It is to be noted that such a statutory definition, when read together with Article 260 of the Constitution, will justify the categorization of a ‘non-governmental organization’ as a “person”, as it is “...an association...whether incorporated or unincorporated.”

[73] Counsel for the 1st respondent urged that the Non-Governmental Organizations Co-ordinations Act is subordinate to the Constitution. This Act provides for the process of registration and licensing of non-governmental organizations; Section 10 requiring that every NGO be registered. Section 12(2) of the Act provides that evidence of such registration takes the form of a certificate, which authorizes the NGO to operate in Kenya. Section 12(3) provides that:

“[a] registered Non-Governmental Organization shall by virtue of such registration be a body corporate capable in its name of –

suing and being sued...”

The foregoing provision is silent on whether a deregistered NGO cannot sue or be sued.

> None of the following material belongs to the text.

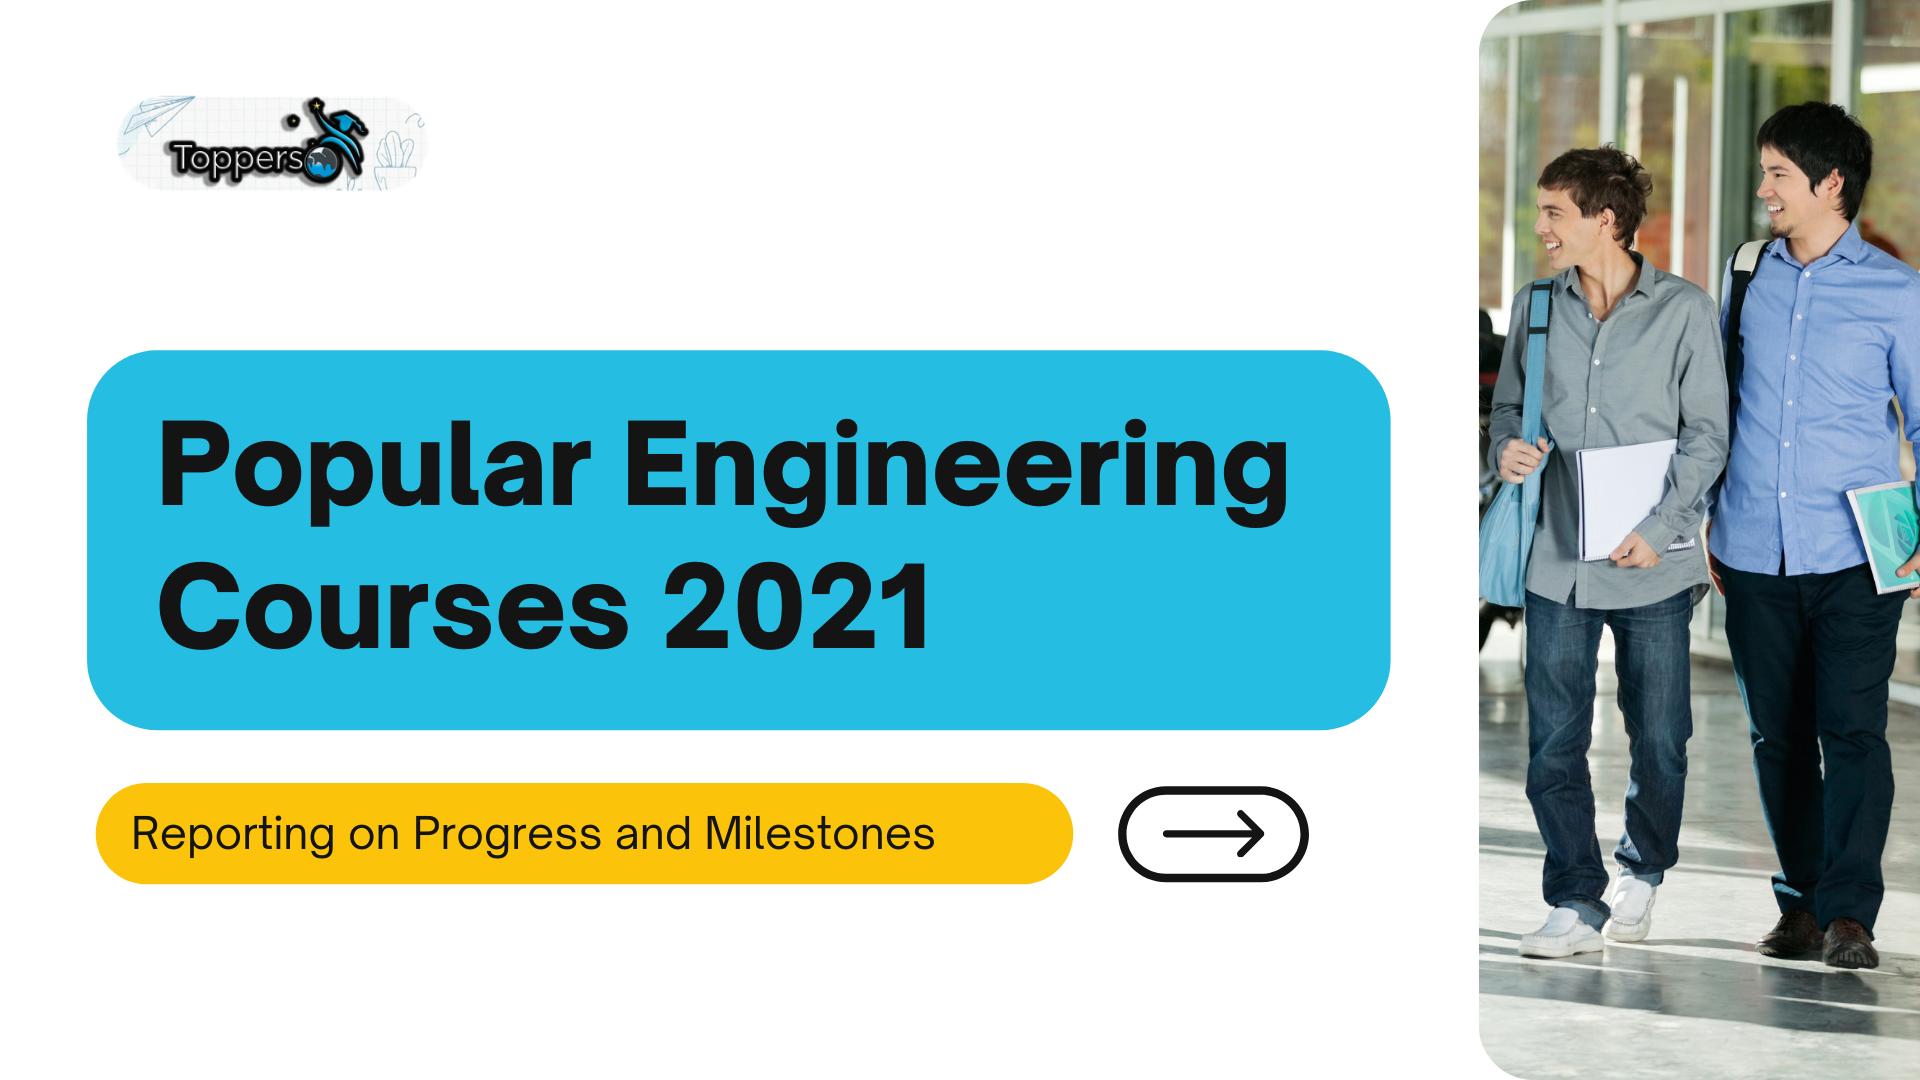 Popular Engineering Courses 2021

[74] However, Section 22(1) of the NGO Act provides that it is an offence for any person to operate a Non-Governmental Organisation without registration, and a certificate under this Act. It thus provides:

“(1) It shall be an offence for any person to operate a Non-Governmental Organization in Kenya for welfare, research, health relief, agriculture, education, industry, the supply of amenities or any other similar purposes without registration and certificate under this Act.”

[75] These provisions are in respect of the legal capacity, and locus standi of non-governmental organisations. The NGO Act was enacted prior to the promulgation of the Constitution in 2010; thus it has to be read in the light of the new Constitution. Courts cannot disregard legislation enacted prior to the promulgation of the Constitution; for the Constitution in Section 7(1) of its Sixth Schedule thus stipulates:

“All law in force immediately before the effective date continues in force and shall be construed with the alterations, adaptations, qualifications and exceptions necessary to bring it into conformity with this Constitution.”

[76] The foregoing provision has recently been interpreted by this Court, in Communications Commission of Kenya and Five Others v. Royal Media Services Limited and Five Others, Sup. Ct. Petition No. 14 of 2014; [2014] eKLR, as follows (paragraph 197):

“(iii) All laws in force immediately before the promulgation of the Constitution remain in force, but subject to Section 7(1) of the Sixth Schedule.

(iv) In construing any pre-Constitution legislation, a Court of law must do so taking into account necessary alterations, adaptations, qualifications and exceptions, to bring it into conformity with the Constitution” (emphasis supplied).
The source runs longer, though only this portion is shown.